━━ Data
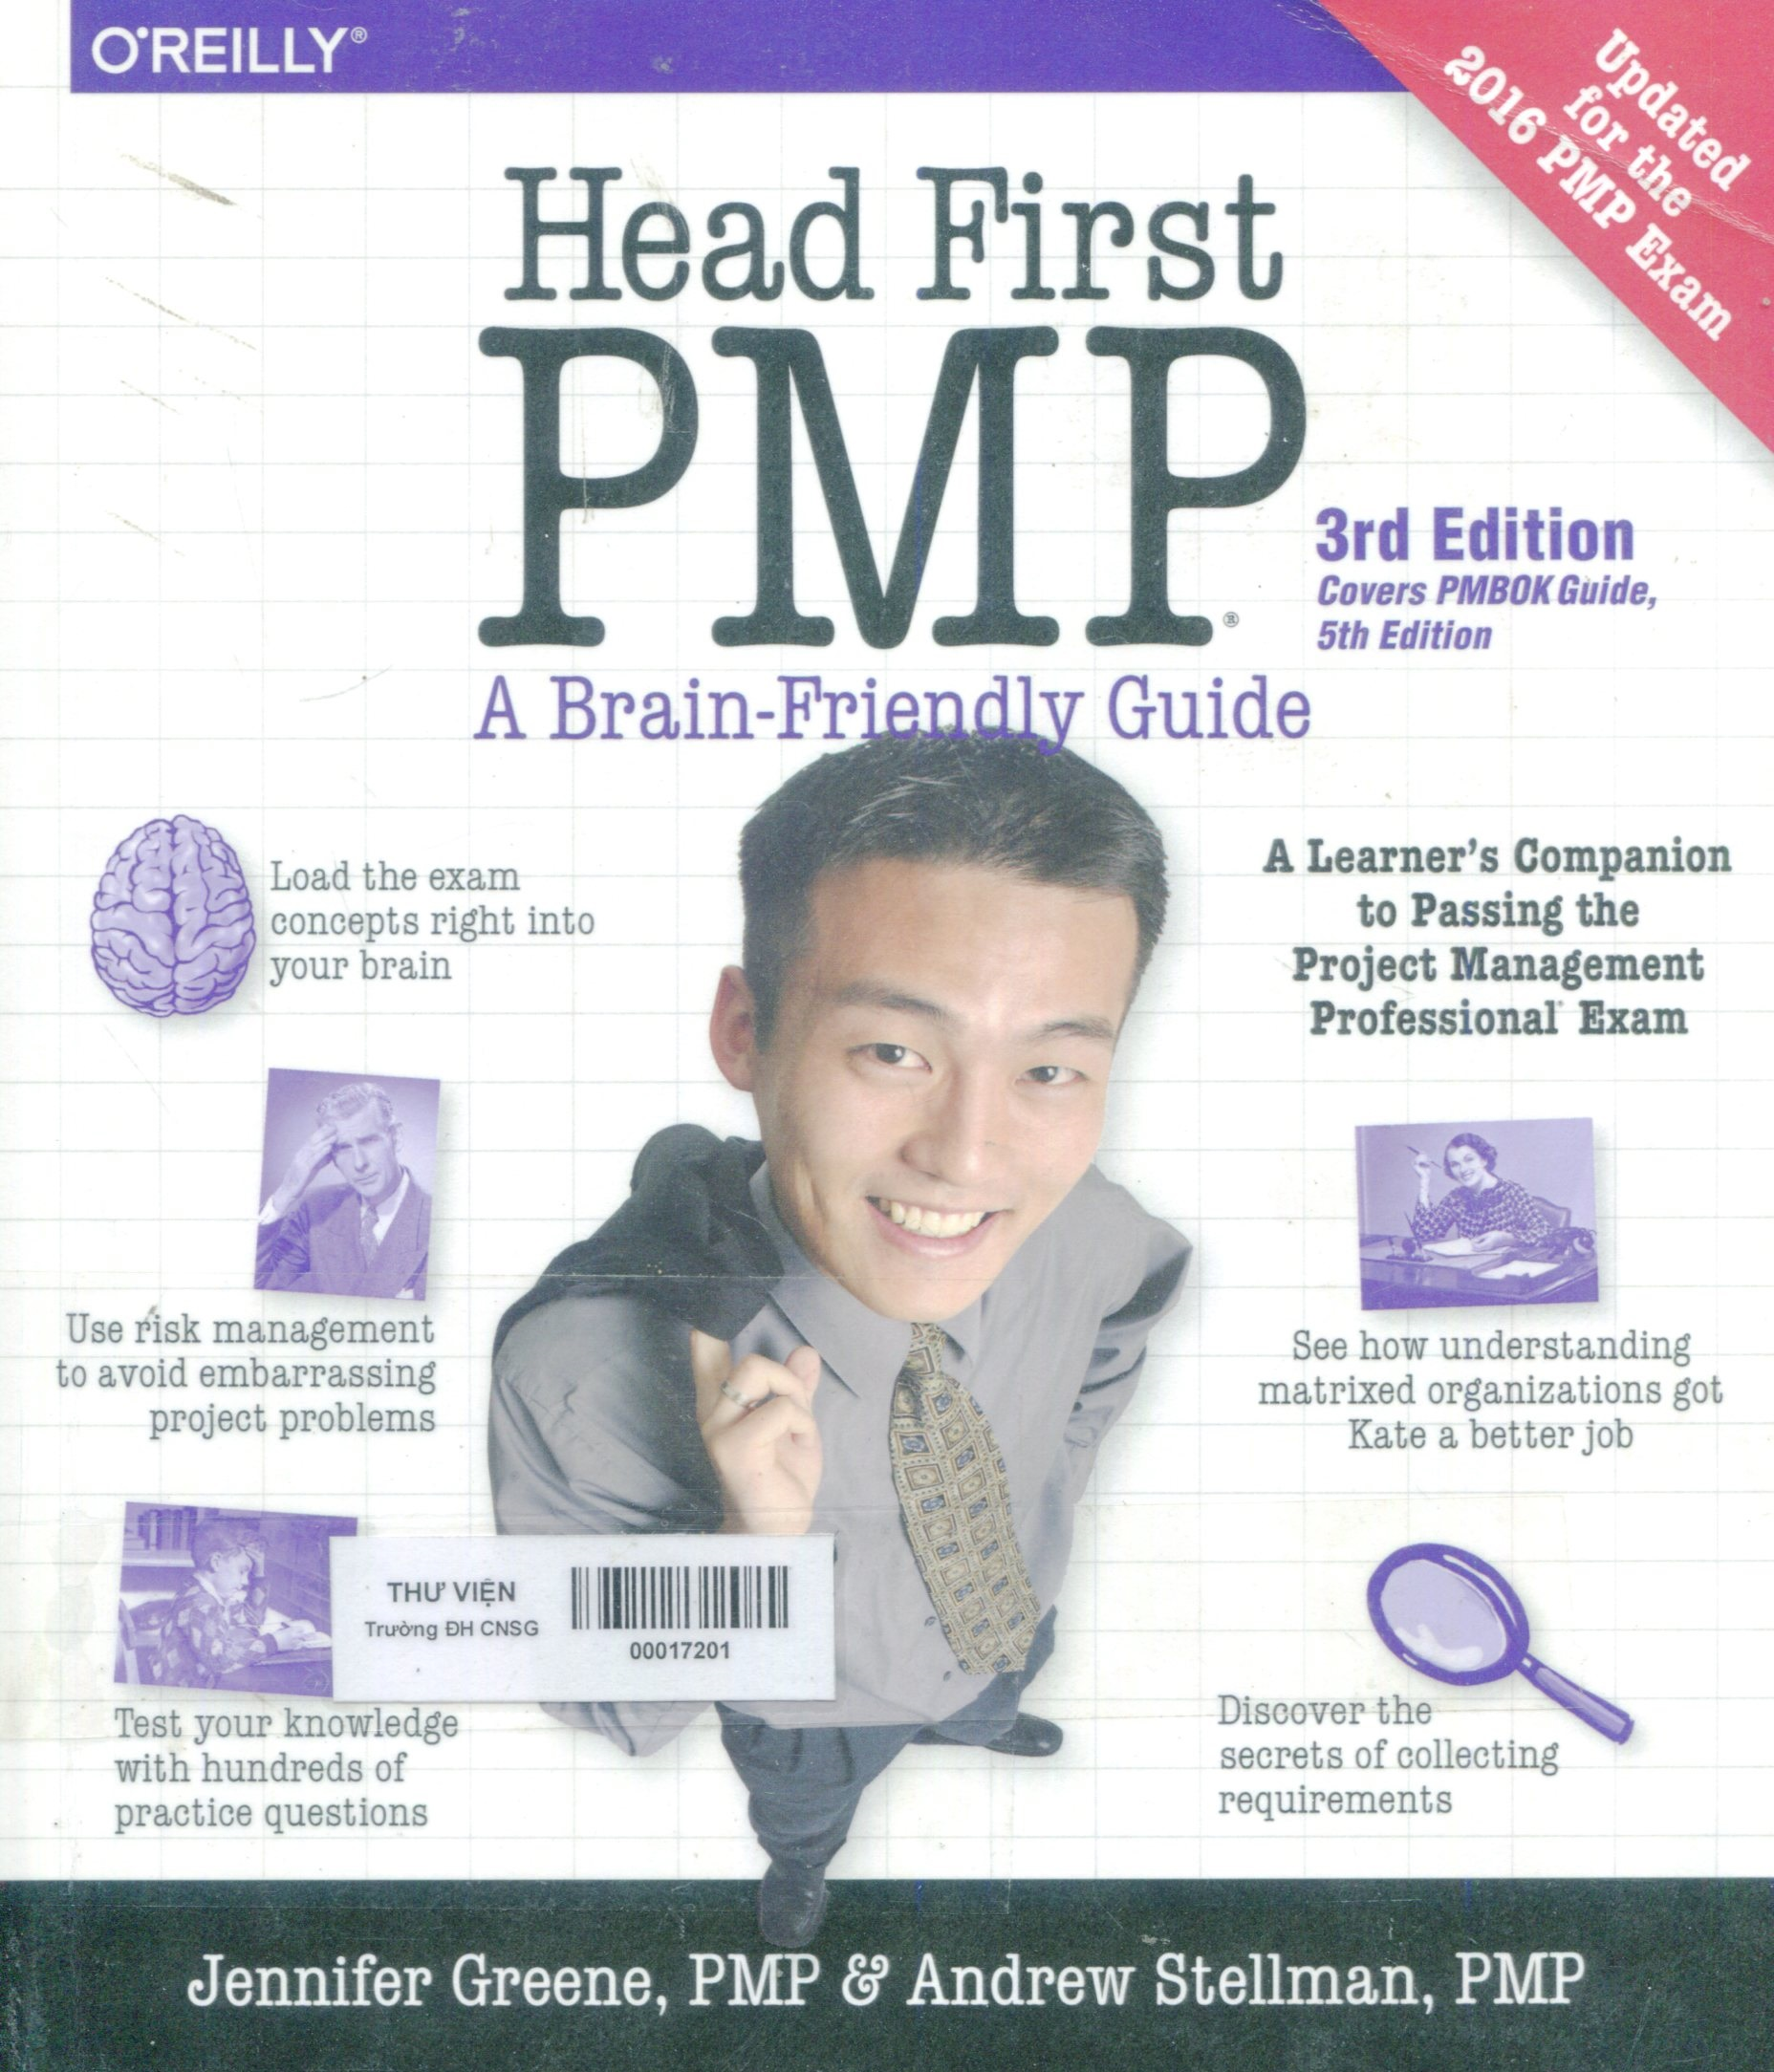 Head first PMP
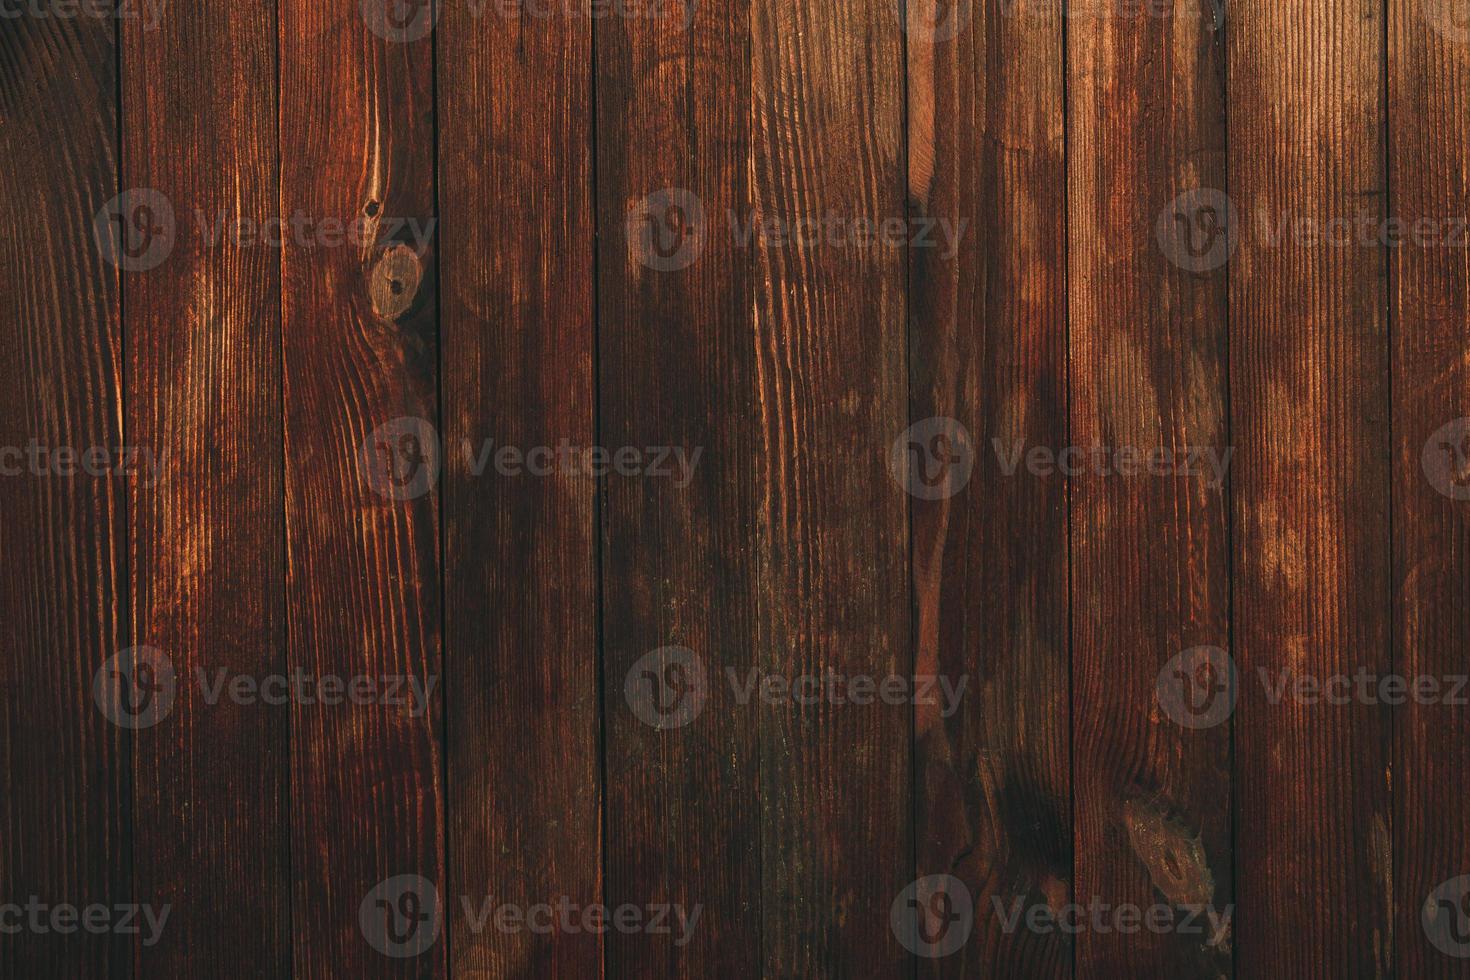 textura de fundo de madeira marrom vintage com nós e furos de prego. parede de madeira pintada velha. abstrato marrom. placas horizontais escuras de madeira vintage. vista frontal com espaço de cópia foto
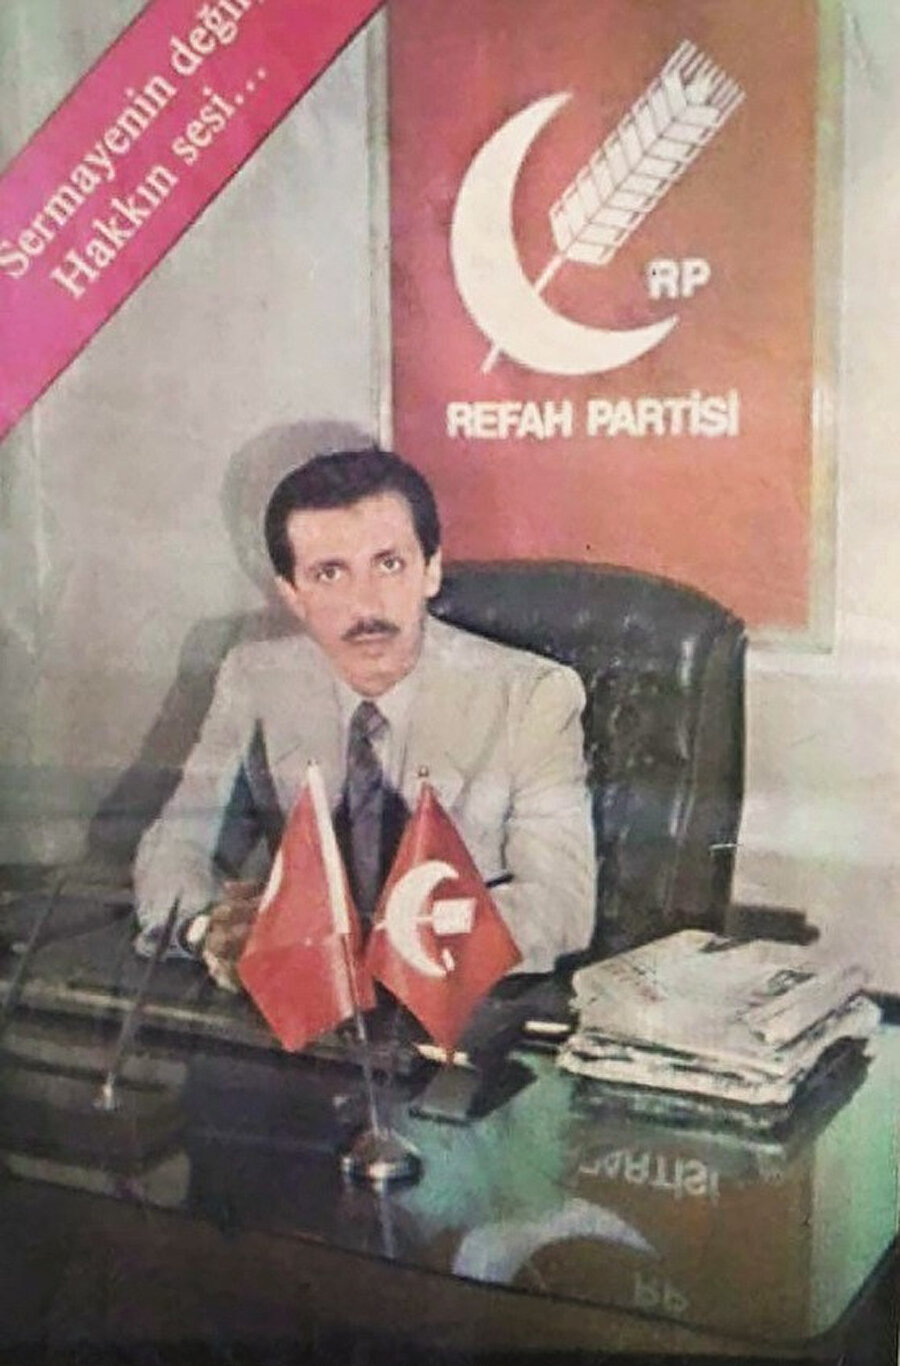 1983 yılında kurulan Refah Partisi ile fiilî siyasete geri dönen Recep Tayyip Erdoğan, 1984 yılında Refah Partisi Beyoğlu İlçe Başkanı seçildi. 1985 yılında Refah Partisi İstanbul İl Başkanı ve Refah Partisi MKYK üyesi oldu.
━━━━
- [Activity] Put each line of the listing above into the copy exactly, dropping the pictures.

- [Solved exercise]
 Head first PMP
 textura de fundo de madeira marrom vintage com nós e furos de prego. parede de madeira pintada velha. abstrato marrom. placas horizontais escuras de madeira vintage. vista frontal com espaço de cópia foto
 1983 yılında kurulan Refah Partisi ile fiilî siyasete geri dönen Recep Tayyip Erdoğan, 1984 yılında Refah Partisi Beyoğlu İlçe Başkanı seçildi. 1985 yılında Refah Partisi İstanbul İl Başkanı ve Refah Partisi MKYK üyesi oldu.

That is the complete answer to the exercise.